Tao Zhang,Rajagopal Venkatesaraman,Rajat K. De,Bradley A. Malin,Yevgeniy Vorobeychik
Abstract:An ability to share data, even in aggregated form, is critical to advancing both conventional and data science. However, insofar as such datasets are comprised of individuals, their membership in these datasets is often viewed as sensitive, with membership inference attacks (MIAs) threatening to violate their privacy. We propose a Bayesian game model for privacy-preserving publishing of data-sharing mechanism outputs (for example, summary statistics for sharing genomic data). In this game, the defender minimizes a combination of expected utility and privacy loss, with the latter being maximized by a Bayes-rational attacker. We propose a GAN-style algorithm to approximate a Bayes-Nash equilibrium of this game, and introduce the notions of Bayes-Nash generative privacy (BNGP) and Bayes generative privacy (BGP) risk that aims to optimally balance the defender's privacy and utility in a way that is robust to the attacker's heterogeneous preferences with respect to true and false positives. We demonstrate the properties of composition and post-processing for BGP risk and establish conditions under which BNGP and pure differential privacy (PDP) are equivalent. We apply our method to sharing summary statistics, where MIAs can re-identify individuals even from aggregated data. Theoretical analysis and empirical results demonstrate that our Bayesian game-theoretic method outperforms state-of-the-art approaches for privacy-preserving sharing of summary statistics.
What problem does this paper attempt to address?
The problem that this paper attempts to solve is: how to protect the privacy of individuals when sharing data (such as aggregated statistical data) and prevent Membership Inference Attacks (MIAs). Specifically, the paper proposes a method based on the Bayesian game model to balance the trade - off between privacy protection and data utility.
### Problem Background
Membership Inference Attacks (MIAs) are a type of attack that takes advantage of vulnerabilities in data analysis and machine learning to determine whether an individual's data is included in a certain dataset (such as a training dataset). This type of attack poses a serious privacy risk in sensitive areas (such as medical, biometric, location - based services, social media, and finance). However, MIAs can also be used as an auditing tool to assess privacy risks.
### Core Problem of the Paper
To address the privacy risks posed by MIAs, existing strategies include noise perturbation and Differential Privacy (DP). These methods reduce information leakage and enhance privacy protection by introducing randomness. However, increasing uncertainty will inevitably damage data utility. Therefore, how to maximize data utility while protecting privacy has become a key issue.
### Solution
The paper proposes a method based on the Bayesian game model, which models the privacy - utility trade - off as a game between the defender and the attacker. Specifically:
1. **Bayesian Game Model**:
- **Defender**: The goal is to minimize the expected privacy loss while maintaining the required data utility.
- **Attacker**: The goal is to maximize the success rate of membership inference based on its subjective beliefs and preferences.
2. **Generative Adversarial Network (GAN) Algorithm**:
- A GAN - like algorithm is proposed to approximate the Bayes - Nash equilibrium. The defender's strategy is represented by a neural network generator, which takes the real membership vector and an auxiliary random vector as input and generates a noise vector. The attacker's strategy is represented by a neural network discriminator, which processes the perturbed output and attempts to infer membership information.
3. **Bayesian - Generated Privacy Risk (BGP Risk)**:
- The concept of Bayesian - Generated Privacy Risk (BGP risk) is introduced, aiming to optimally balance the defender's privacy and utility and be robust to the attacker's heterogeneous preferences for true positives and false positives.
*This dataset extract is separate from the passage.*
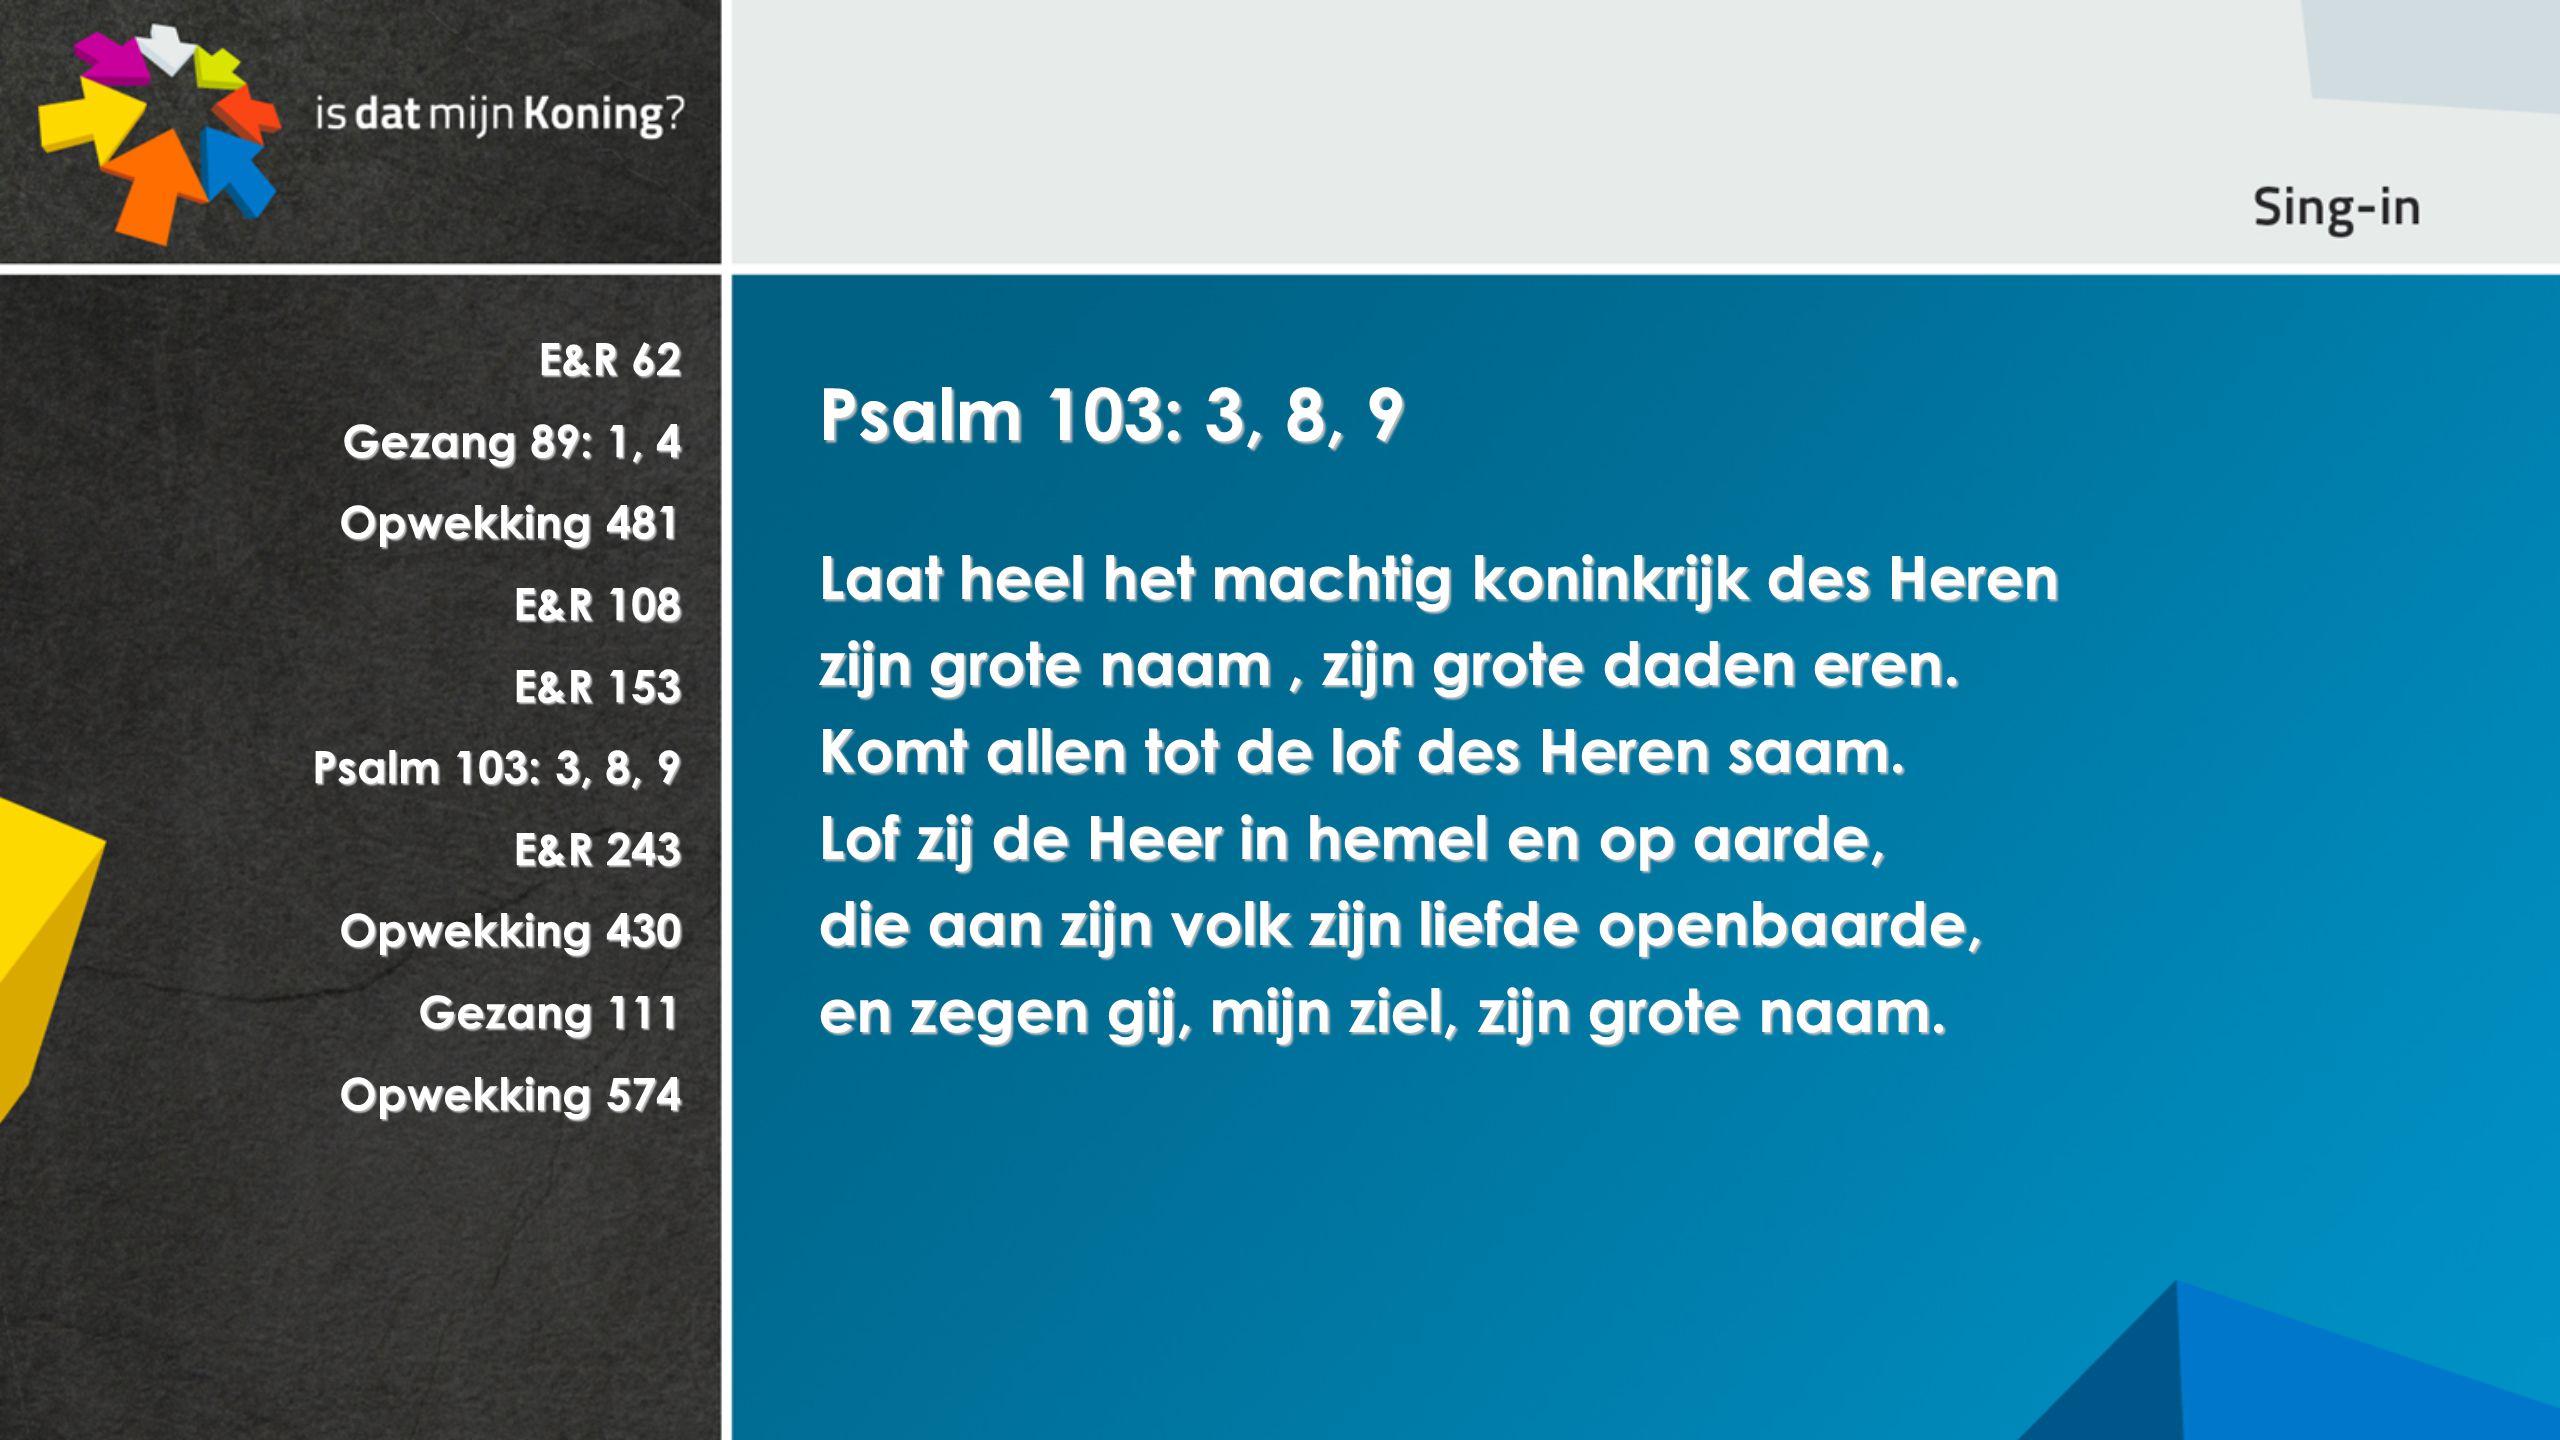 E&R 62 Gezang 89: 1, 4 Opwekking 481 E&R 108 E&R 153 Psalm 103: 3, 8, 9 E&R 243 Opwekking 430 Gezang 111 Opwekking 574 Psalm 103: 3, 8, 9 Laat heel he

4. **Theoretical Analysis and Empirical Results**:
- Theoretical analysis shows that the proposed Bayesian game - theoretic method is superior to the existing state - of - the - art methods in terms of privacy protection. Empirical experiments also verify this, especially in the case of sharing genomic aggregated statistical data, where individuals can be re - identified even from aggregated data.
### Formula Examples
- **Membership Advantage**:
\[
\text{Adv}_k(A)=\Pr[A(d_k, x) = 1\mid b_k = 1]-\Pr[A(d_k, x) = 1\mid b_k = 0]
\]
- **Bayes - weighted Membership Advantage**:
\[
\text{Adv}(h_A,\sigma,\theta,\gamma;g_D)=(1 - \gamma)\sum_{k\in U, b_{-k}}\Pr[A(d_k, x; h_A,\sigma)=1\mid b_k = 1; g_D]\theta(b_k = 1, b_{-k})-\gamma\sum_{k\in U, b_{-k}}\Pr[A(d_k, x; h_A,\sigma)=1\mid b_k = 0; g_D]\theta(b_k = 0, b_{-k})
\]
Through this method, the paper provides an effective and robust way to protect privacy while ensuring the maximization of data utility.